GCPEA News

We should defend the rights of Gaza’s children

Overseas Development Institute, August 3, 2014

Kevin Watkins

“What does this have to do with us?,” asked a blood-splattered girl called Amina pulled from the rubble of Jabaliya primary school last week. It’s a poignant question. The carnage in Gaza has taken a terrifying toll on Palestinian children. It has also called into question the commitment of western governments to a raft of international human rights provisions aimed at protecting children like Amina trapped in conflict.

Yesterday’s deadly attack on another school, this time in Rafah, was the third in just over a week. In the each case, the UN has notified the Israeli Defence Force (IDF) that the schools have been designated as shelters, providing precise coordinates. In both cases, the schools have then been destroyed by heavy artillery.

The attacks on UN schools-turned-shelters are part of a wider pattern. Distinctions between civilian populations, including children, and combatants have been not so much blurred as erased. Schools, health clinics, children’s playgrounds and beaches have been targeted. The Palestinian civilian body count has now risen to over 1,800. That figure includes almost 300 children – two-thirds aged less than 12. Thousands more have been wounded or maimed. The number traumatised by loss, fear and the psychological effects of exposure to violence is beyond estimation.

Every tragic episode restarts the reel of a now familiar narrative. An Israeli spokesman vehemently denies the IDF is targeting civilians. He points out that Palestinians living in areas that will be targeted are given advance information that they need to leave. Hamas fighters are blamed for operating ‘in the vicinity’ of shelters and, in the words of Israel’s President Netanhayu, “turning schools into legitimate military targets.” Western governments issue half-hearted laments, carefully balancing criticisms of the IDF with condemnation of Hamas.

Meanwhile, the fundamental human rights of Palestinian children – rights that Israel and western governments are legally and morally obliged to uphold – are being violated systematically, and with impunity.

These rights are enshrined in laws, treaties and conventions borne out of past conflicts. Deliberately targeting or failing to protect civilians can constitute a war crime under the 1907 Hague Regulations, the 1949 Geneva Conventions and their Additional Protocols, and the Rome Statute of the International Criminal Court (ICC), along with customary international humanitarian law.

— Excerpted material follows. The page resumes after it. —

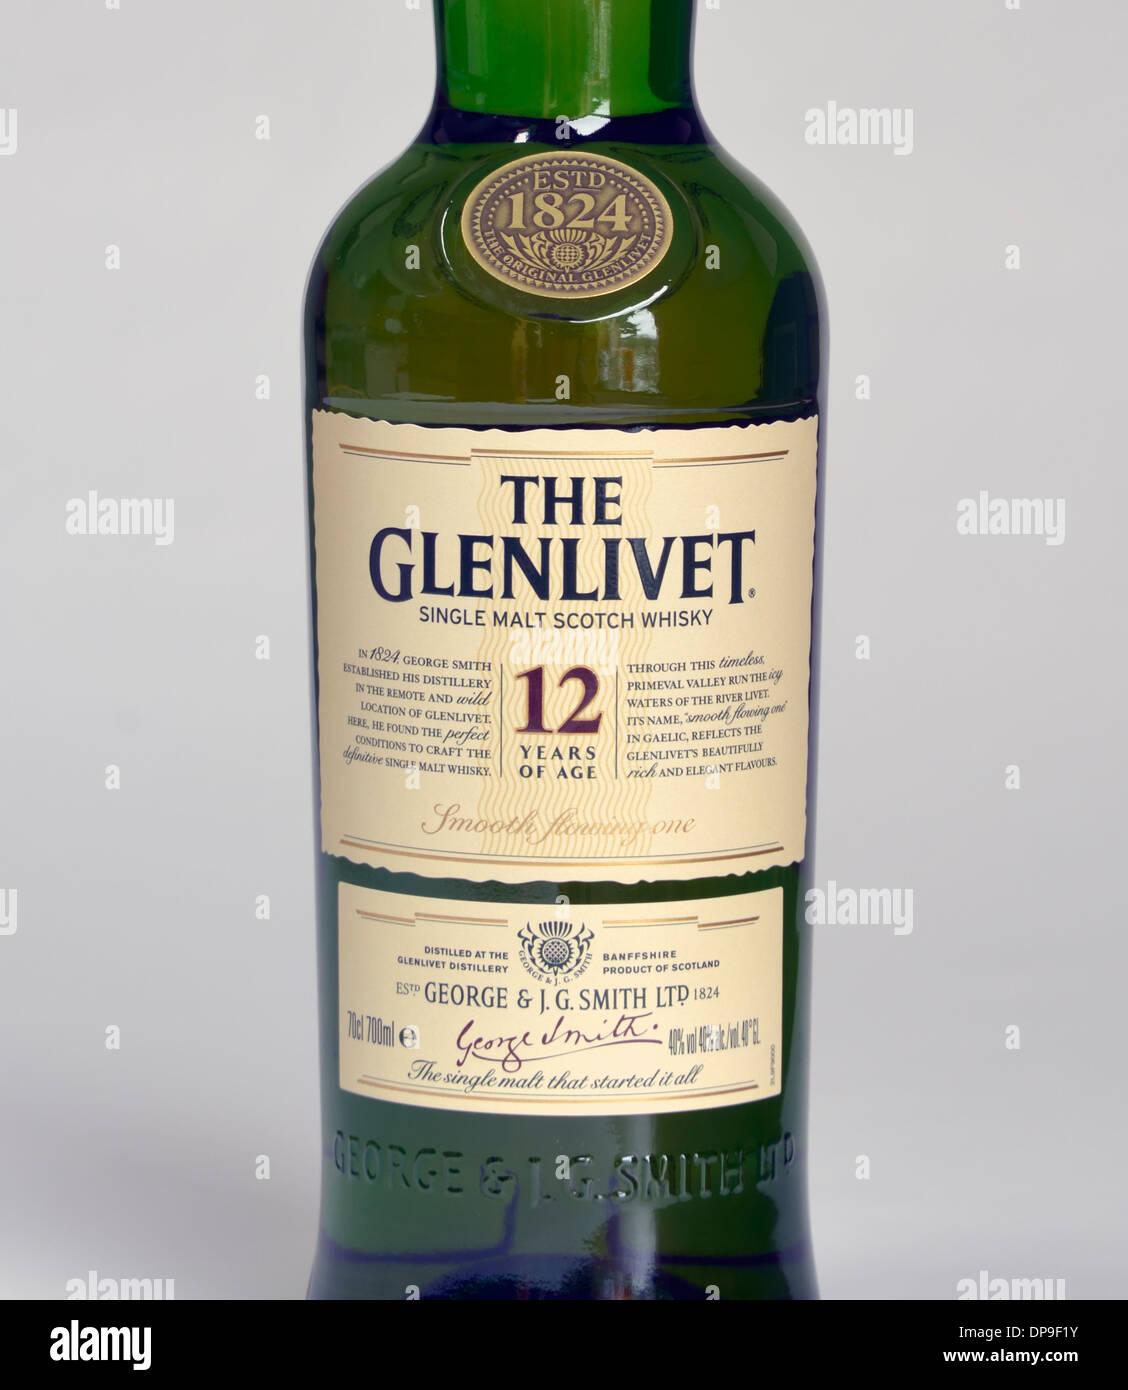 The Glenlivet, Single Malt Scotch Whisky. 12 Years Of Age

Measured against the letter and spirit of international law, the Israeli government’s narrative is a weak defence. Informing civilians that they are in a military target zone when they have nowhere to go, and when designated shelters are hit, does not constitute a credible protection effort. This is true even if, as the Israeli government claims, Hamas is preventing civilians from moving. Similarly, contrary to President Netanyahu’s claim, school buildings and shelters containing civilians cannot be a ‘legitimate target’, irrespective of whether Hamas fighters are in the areas,

Hard-won international provisions aimed at protecting children are being eroded on the streets of Gaza. Take the Convention on the Rights of the Child, to which Israel is signatory. The Convention establishes the principle that children themselves have rights, including a right to protection from “all forms of physical or mental violence, injury or abuse”.

The UN’s Special Envoy on Education, former UK Prime Minister Gordon Brown, has called on the international community to protect schools – and school children – from attack in Gaza. That appeal should have elicited action from the Security Council. The Council is required every year to review six grave violations against the human rights of children, including the killing and maiming through indiscriminate attacks. In 2011 the review procedure was strengthened by the adoption of a resolution – Resolution 1998 – specifically demanding more stringent action against attacks on schools. Yet the Security Council has failed to act despite the rubble of classrooms in Gaza.

When it comes to Israel and the rights of Palestinian children, too many western governments appear to operate a two-tier standard of human rights. Hamas has been justifiably condemned for its indiscriminate, if largely ineffectual, rocket attacks on Israel. Yet the actions of the IDF are subject to mild rebuke, often followed by pledges of increased military assistance.

The double standards are weakening the human rights of children everywhere. In a world gripped by an epidemic of violent assaults on schools and children – by President Assad’s forces and assorted Jihadis in Syria, by Islamic militants in Afghanistan, Pakistan and Yemen, and by Boko Haram in Nigeria – international human rights provide a thin line of defence. That line is weakened with every inconsistent application and every blind eye turned.

It is time for the international community to draw a line. Palestinian children have a right to expect something better from the international community, including accountability and justice. Beyond demanding an immediate humanitarian ceasefire, western governments should signal that Israel’s actions against children are disproportionate, illegitimate and unacceptable – and that they will be subject to the full rigor of international law, including possible sanctions.

Written with Maysa Jalbout, Senior Research Associate at the Overseas Development Institute (ODI).